More than puzzling, it is also unforgivably offensive. Clinton would never dare blame the September 11, 2001 attacks on "Muslim culture," or Jerry Sandusky's serial child molestation on "gay culture," but peaceable gun owners are to be subject to one of the last permissible bigotries. From the Associated Press:

Hillary Rodham Clinton said Tuesday the nation's gun culture has gotten "way out of balance" and the U.S. needs to rein in the notion that "anybody can have a gun, anywhere, anytime."

And what's this about the U.S. government "rein[ing] in" a "notion"? Are we to be given orders on what to think now? And do the "impermissible" thoughts include recognition that shall not be infringed leaves no room for restricting who can have a gun, where he or she can have it, and when?

Interestingly, one of the shootings Clinton cited was the one committed in a Florida movie theater, allegedly by an "Only One" annoyed that someone dared send text messages during the movie previews. Actually, he was not just an "Only One," but a captain of "Only Ones," and a "well-regarded" one, at that. If we are to use this killing to attack a culture, mightn't a more plausible target be the self-entitlement of law enforcement culture, as the instruments of the "government monopoly on force" so beloved of the Coalition to Stop Gun Violence?

There is good news for Clinton, though--at least one of her concerns need not trouble her:

Clinton told attendees at the mental health conference that "at the rate we're going, we're going to have so many people with guns everywhere, fully licensed, fully validated" in settings like movie theaters where shootings have arisen over seemingly mundane things like loud gum chewing or cellphone use.

As Mike Vanderboegh points out, "fully licensed, fully validated" guns are not what we have in mind, because licensing and "validation" are also incompatible with shall not be infringed.

And then there was this curious remark:

"That's what happens in the countries I've visited where there is no rule of law and no self-control and that is something that we cannot just let go without paying attention," she said.

She claims to be worried about "no self-control," but her hyper-regulatory approach to gun policy would stand in direct opposition to self-control.

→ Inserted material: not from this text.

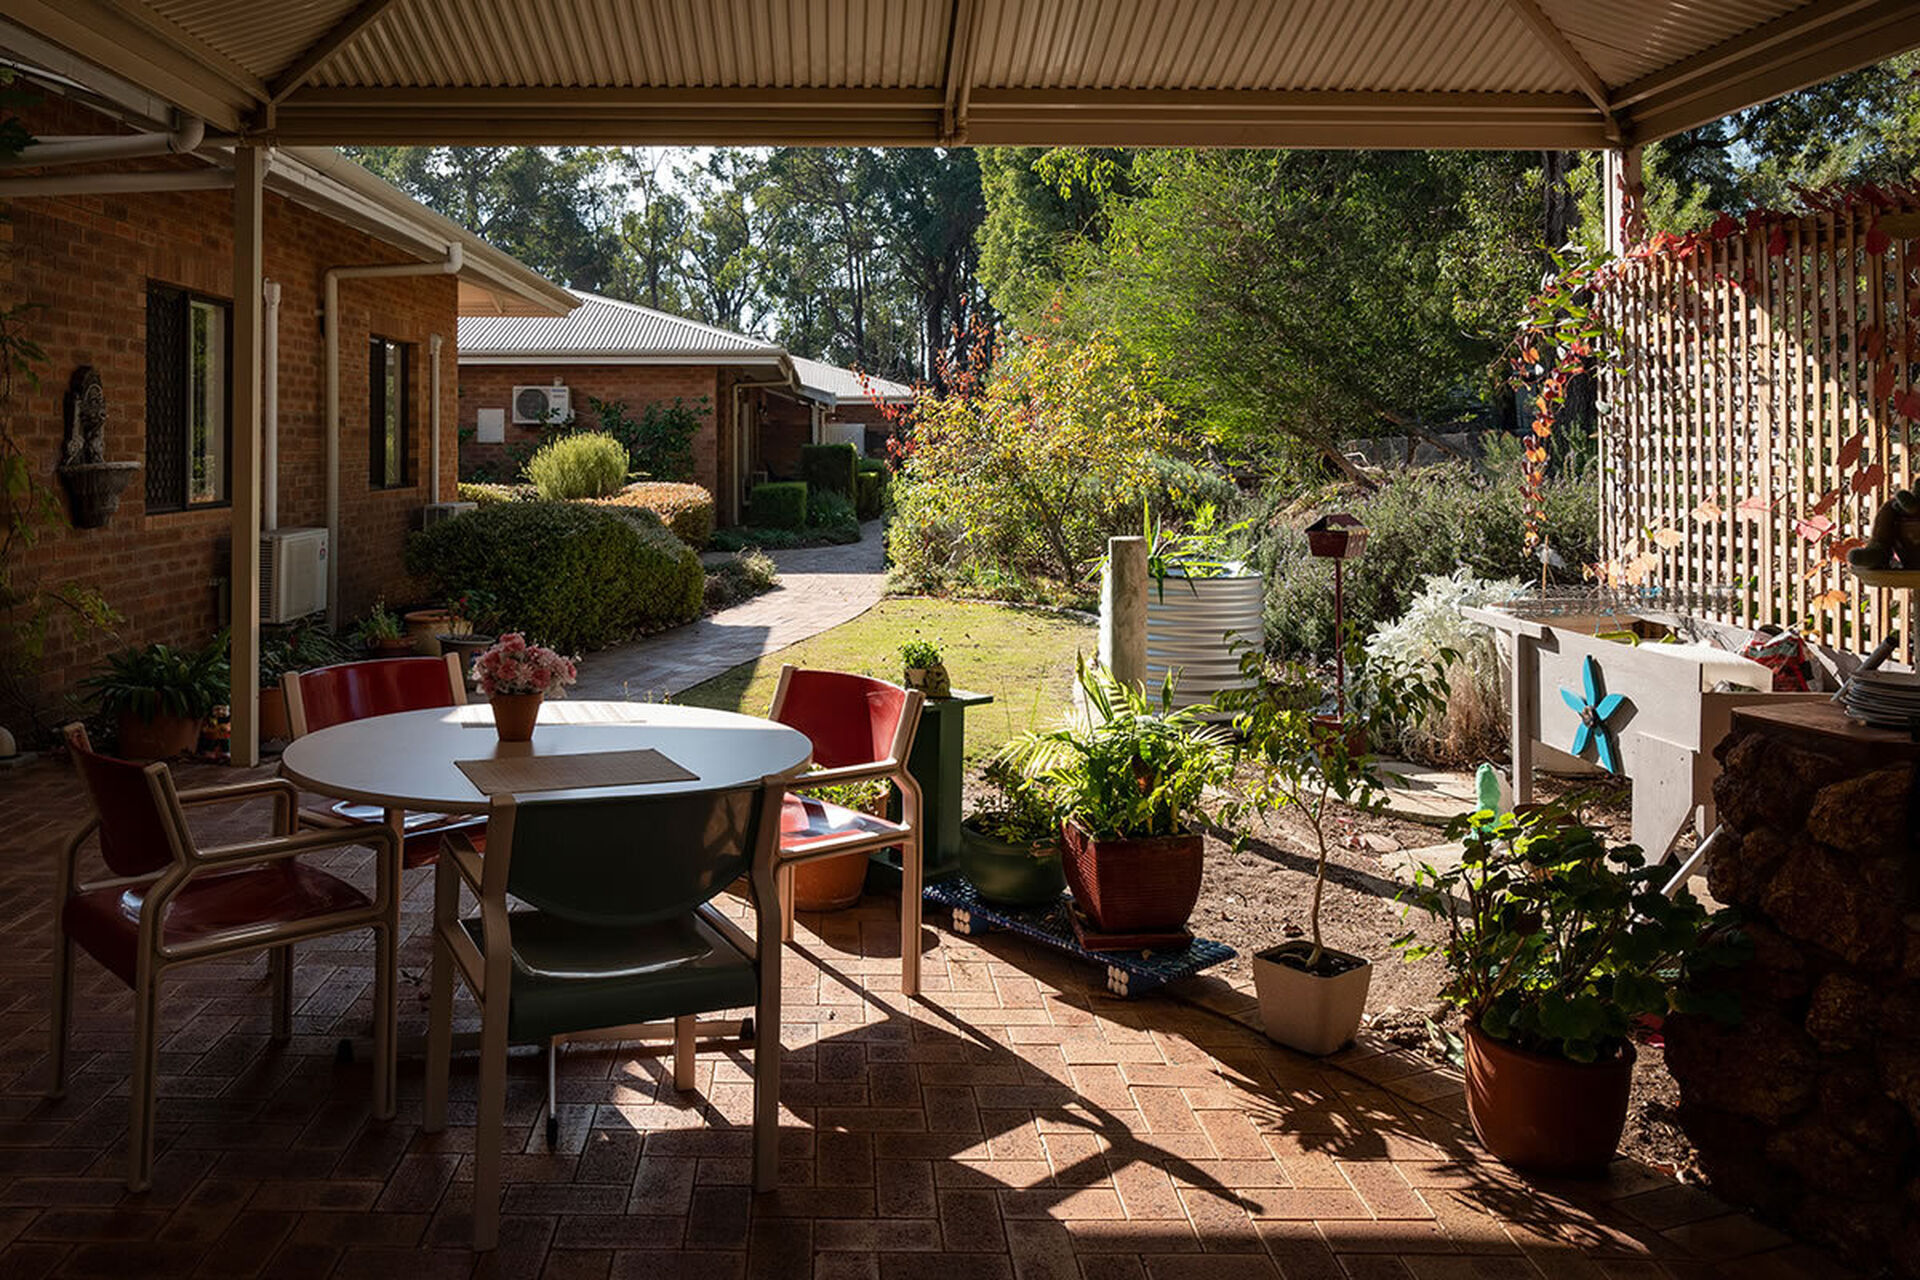 modern garden and outdoor sitting area for nursing home residents to enjoy at baptistcare yallambee aged care home in mundaring wa
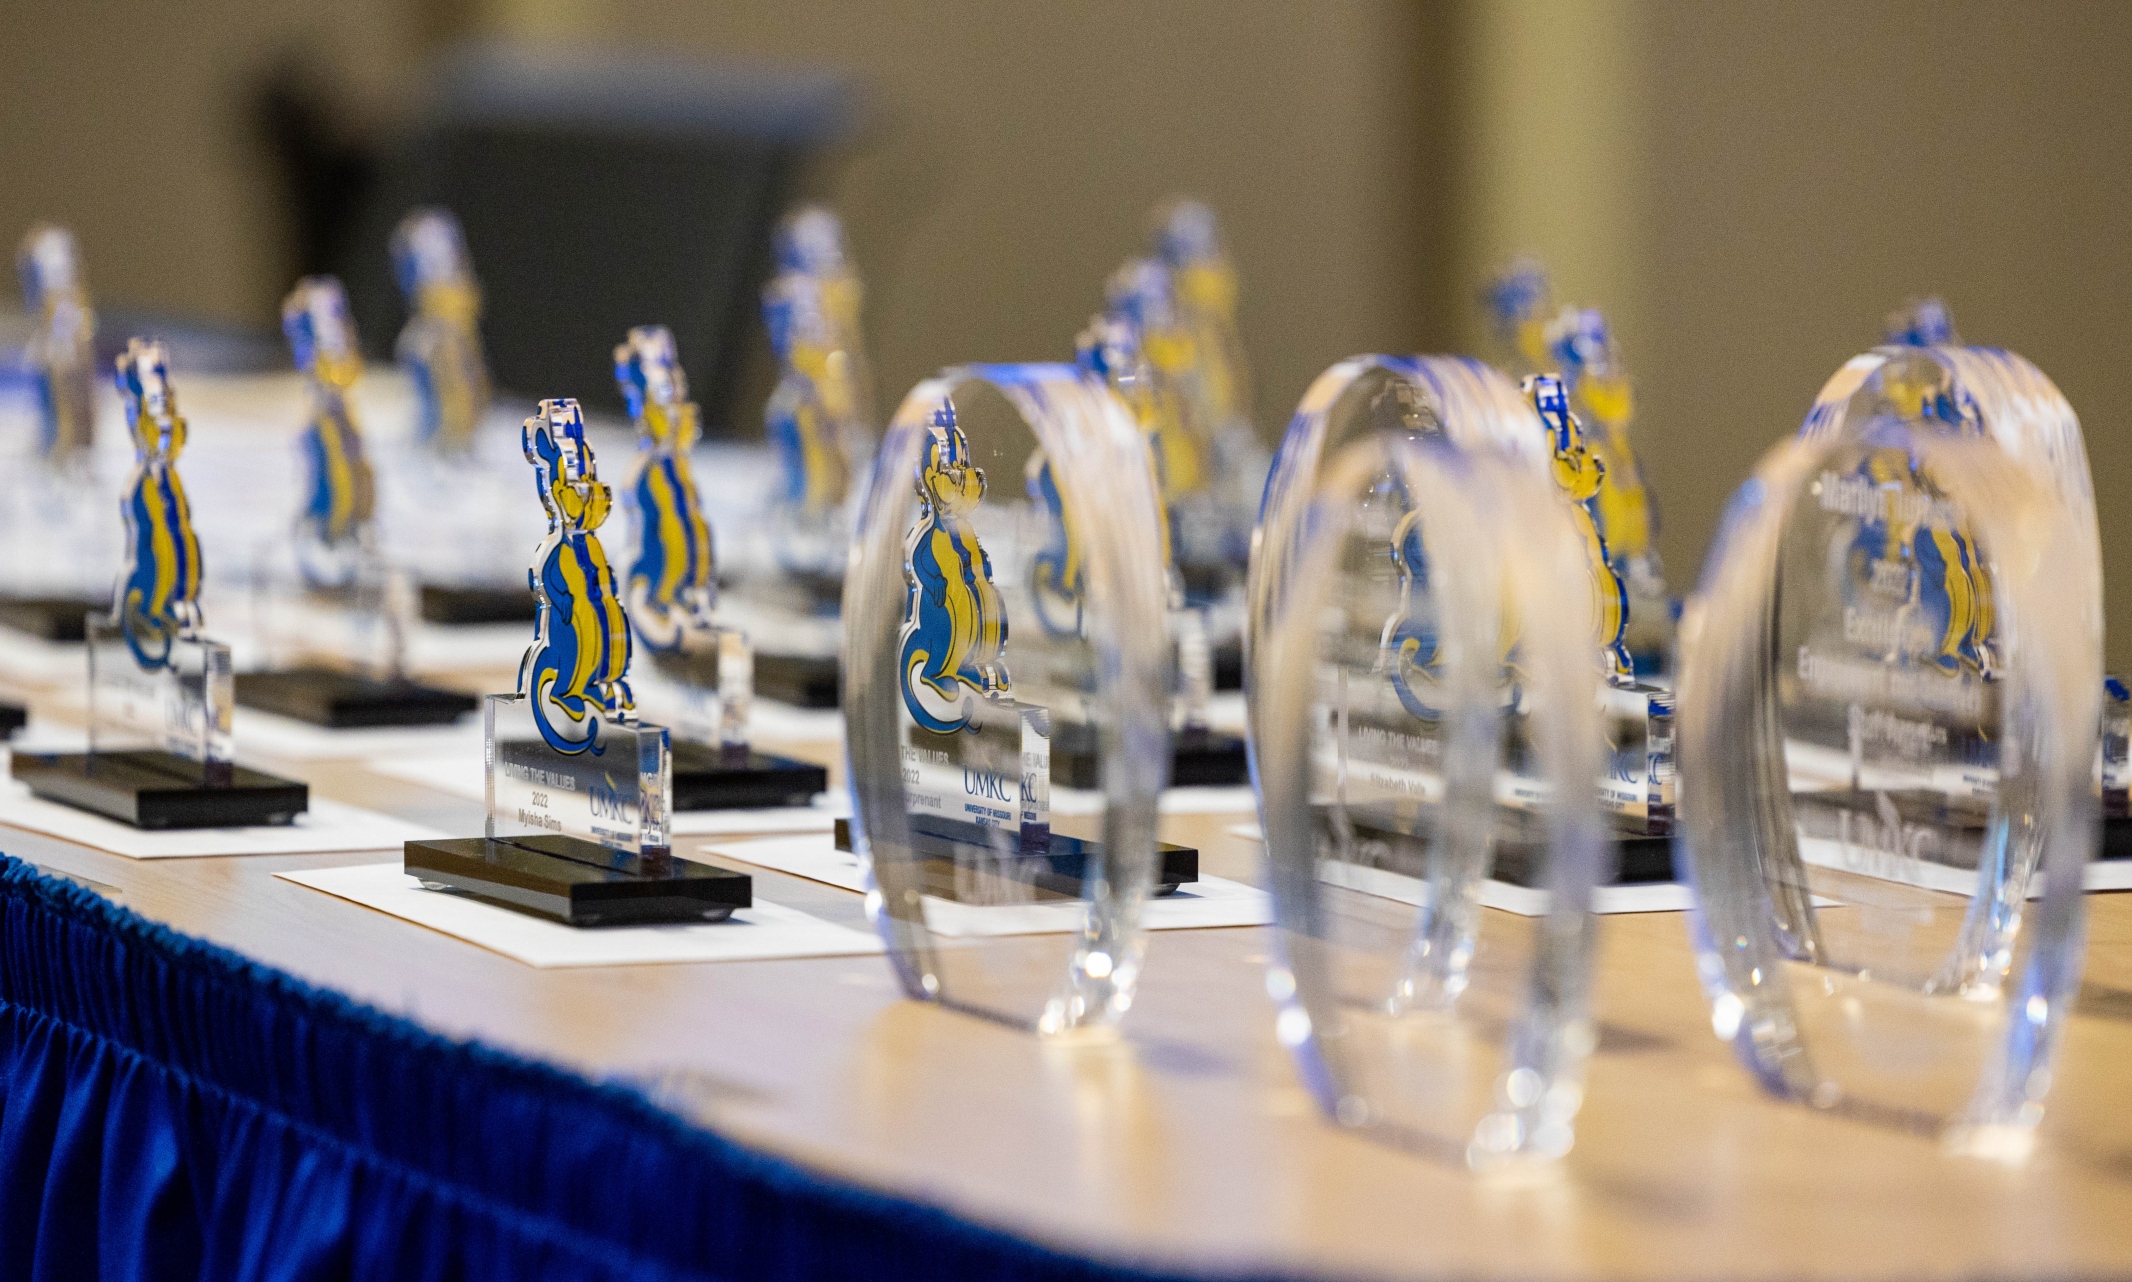 awards sit on table

It's not "self-control" when the controls are imposed and enforced by a powerful government. She appears to be making the same mistake that CSGV president Mike Beard did years ago--thinking of freedom and responsibility as competing interests, with one advancing only at the expense of the other, when the reality is just the opposite:

The problem with his thesis, of course, is that freedom and personal responsibility go hand in hand, as do tyranny and lack of personal responsibility. Making good (responsible) choices is a learned skill--a person denied the right to make choices, to reap the rewards of making good ones, and to suffer the consequences of the bad ones, will never learn that skill.

By conceding to the government the power to regulate their actions, the citizenry abdicates responsibility for those actions. Thus freedom and responsibility are both lost.

Come to think of it, if we are to blame "gun violence" on a culture, perhaps the most logical target would be the culture of overarching nanny-state government futilely attempting to impose responsibility, instead of staying out of the way of the people's exercise of it.